This work challenges the paradigm of end-to-end training of deep neural networks (DNNs) by proposing **direct optimization of the Neural Tangent Kernel (NTK) to minimize generalization error**. Methodologically, it introduces a differentiable surrogate objective for generalization error—Kernel Alignment Risk Estimator (KARE)—and applies gradient descent to optimize NTK parameters explicitly, enabling kernel learning in the overparameterized regime. Theoretically, it integrates kernel alignment analysis to elucidate generalization mechanisms; empirically, it demonstrates on multiple synthetic and real-world benchmarks that KARE-optimized NTKs achieve stable generalization performance matching or significantly surpassing both the original DNN and the posterior (“after-kernel”) NTK. Crucially, this is the first work to elevate the NTK from a purely analytical tool to a trainable object, establishing a new paradigm for feature learning that bridges theoretical interpretability with strong empirical competitiveness.

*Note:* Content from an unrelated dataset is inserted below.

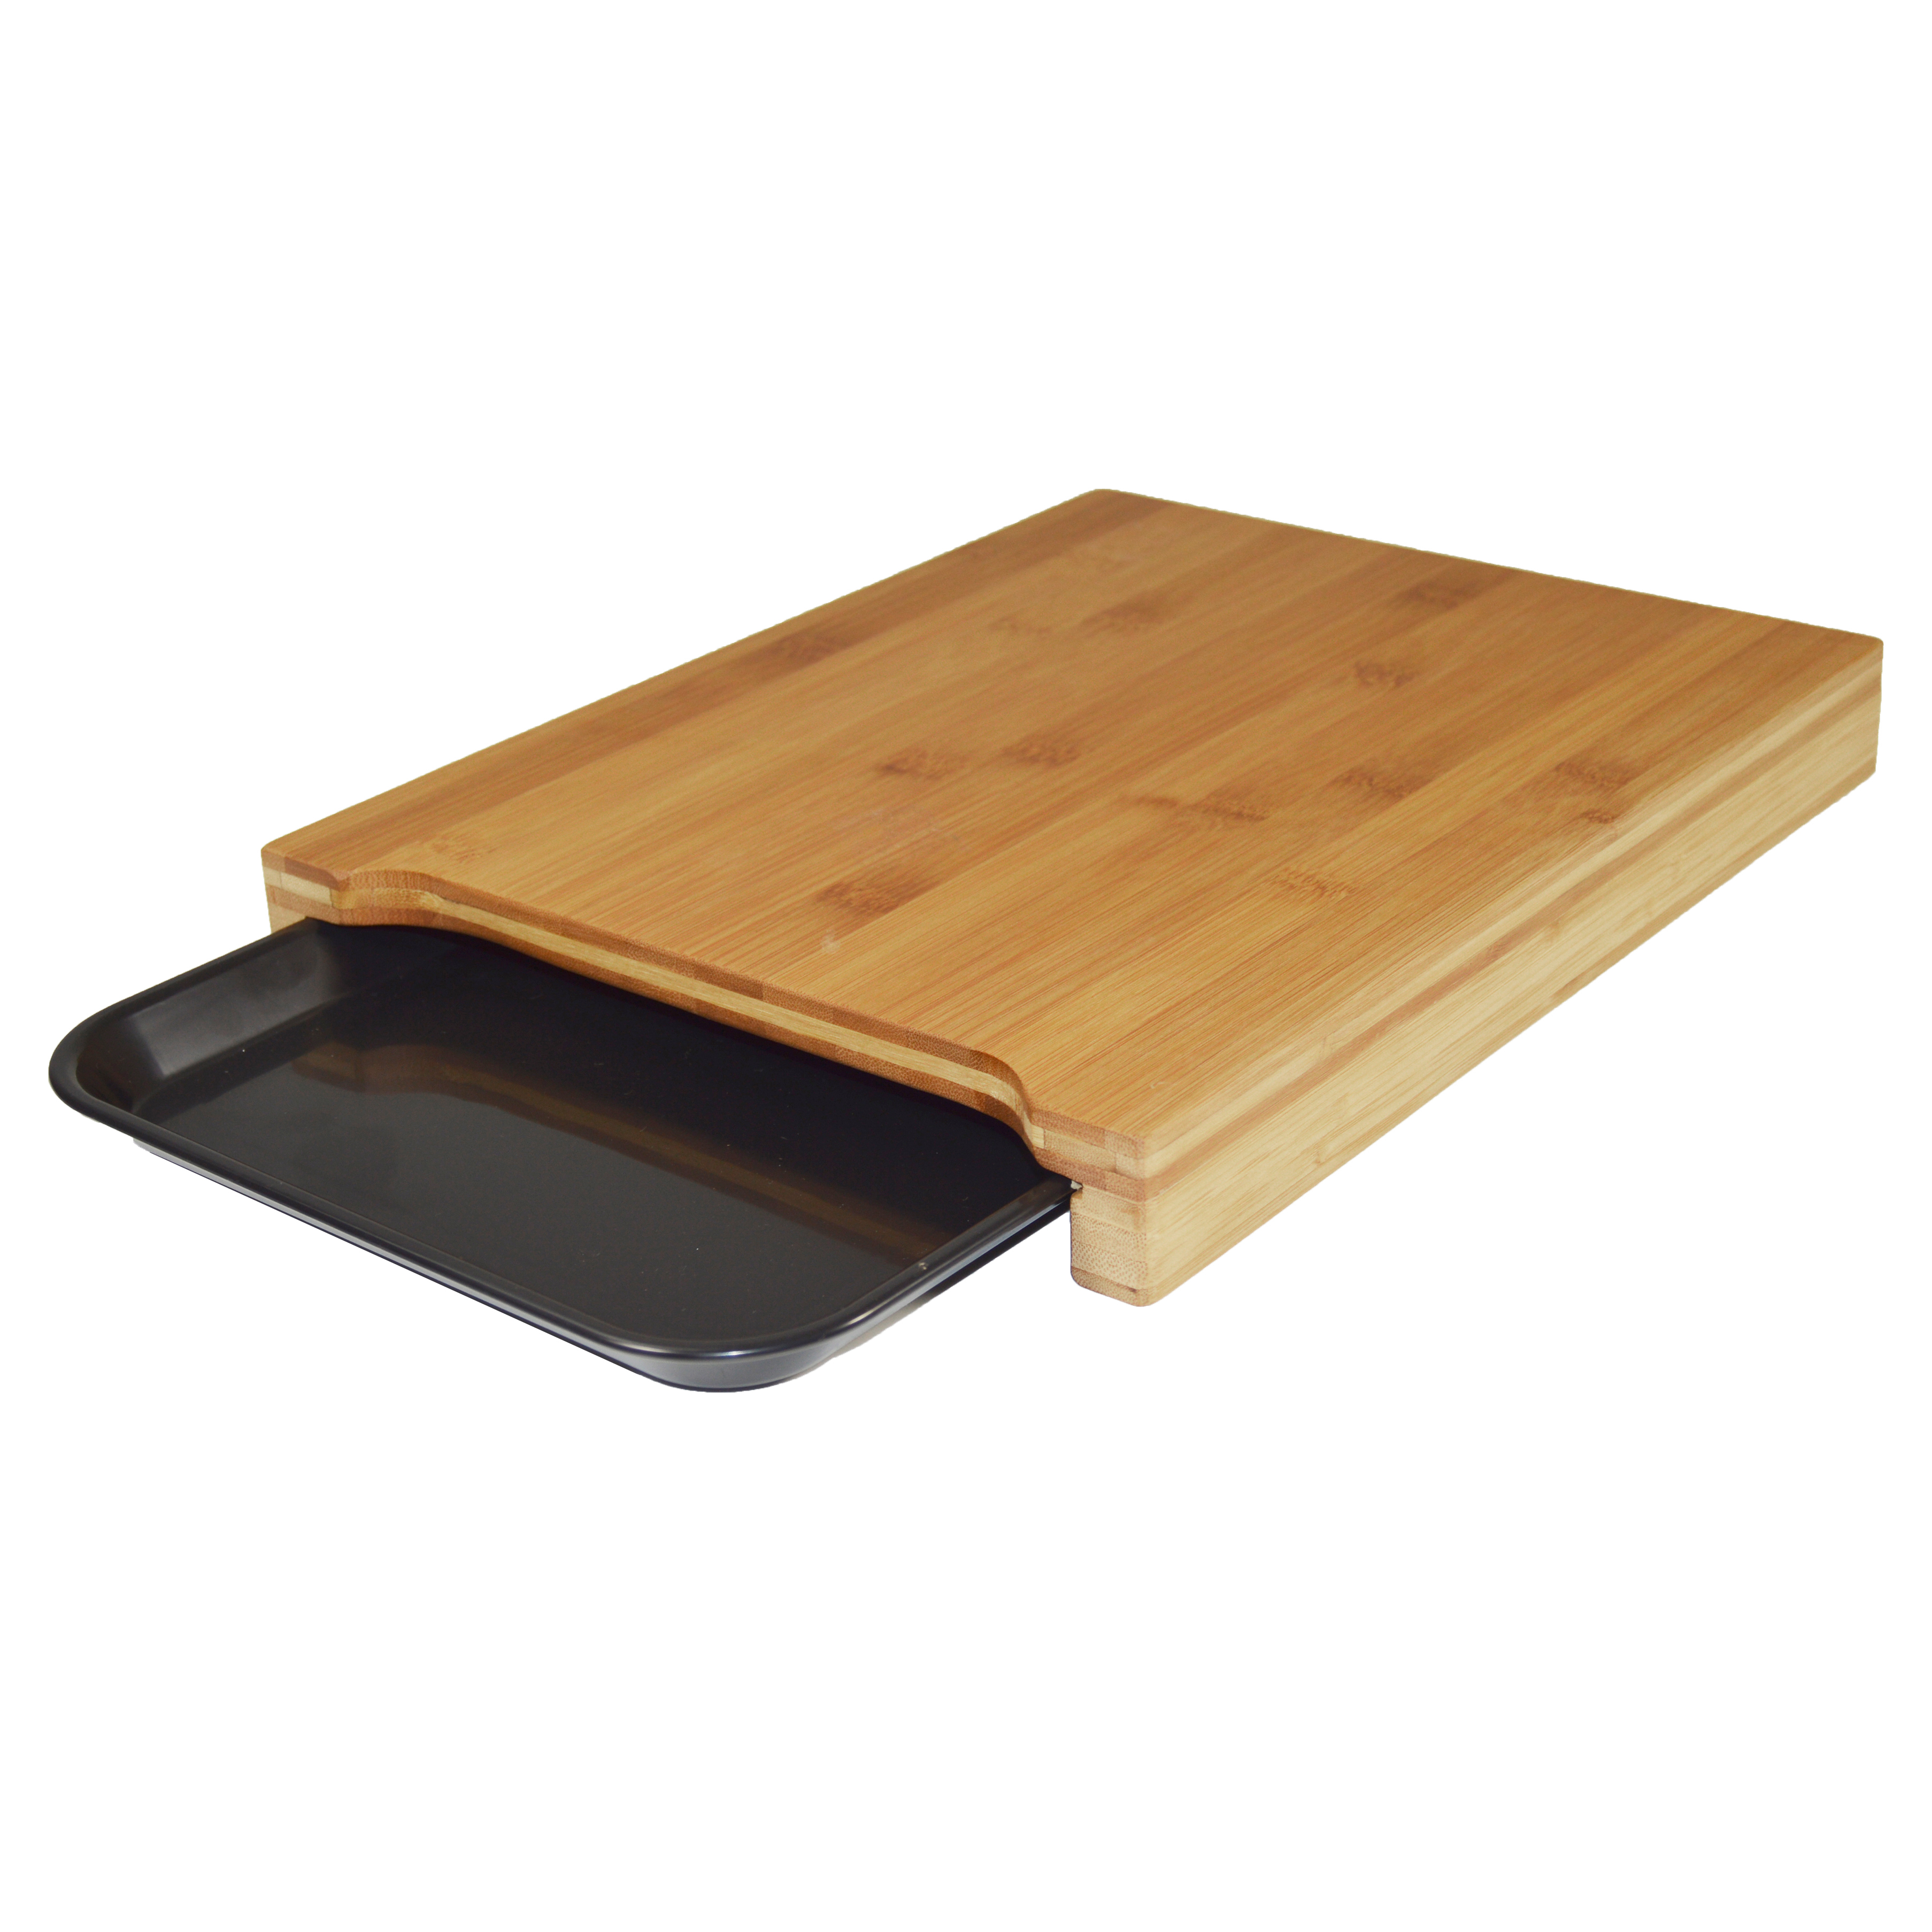 Jocca - Robusta tabla de cortar Jocca hecha de bambú con práctica bandeja lateral para depositar la comida en color negro. Ideal para ahorrar espacio en la cocina. Atractivo plato de presentación.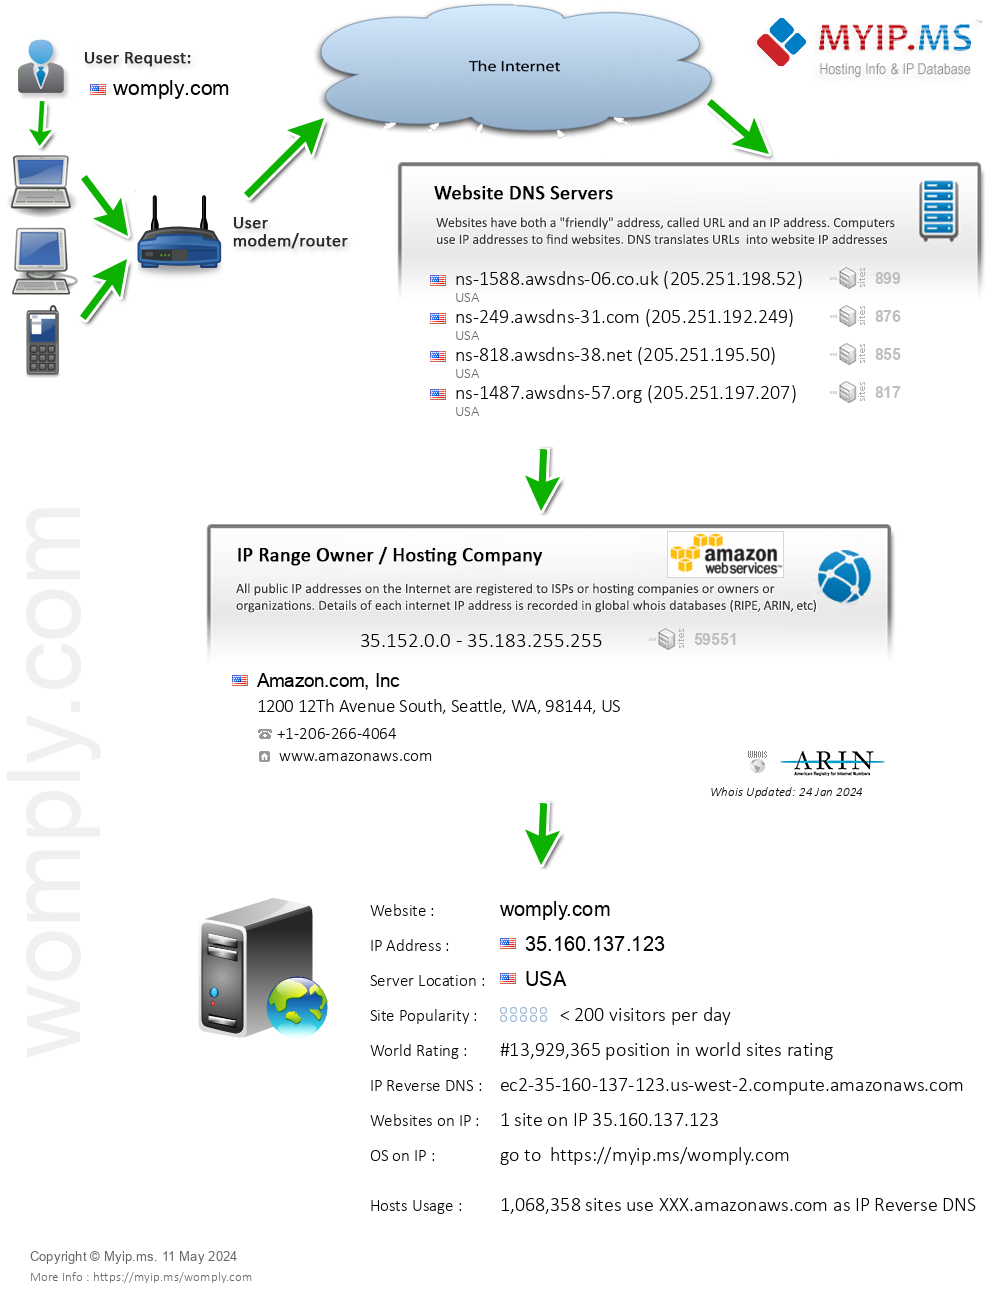 Womply.com - Website Hosting Visual IP Diagram

The performance of the data-dependent neural tangent kernel (NTK; Jacot et al. (2018)) associated with a trained deep neural network (DNN) often matches or exceeds that of the full network. This implies that DNN training via gradient descent implicitly performs kernel learning by optimizing the NTK. In this paper, we propose instead to optimize the NTK explicitly. Rather than minimizing empirical risk, we train the NTK to minimize its generalization error using the recently developed Kernel Alignment Risk Estimator (KARE; Jacot et al. (2020)). Our simulations and real data experiments show that NTKs trained with KARE consistently match or significantly outperform the original DNN and the DNN- induced NTK (the after-kernel). These results suggest that explicitly trained kernels can outperform traditional end-to-end DNN optimization in certain settings, challenging the conventional dominance of DNNs. We argue that explicit training of NTK is a form of over-parametrized feature learning.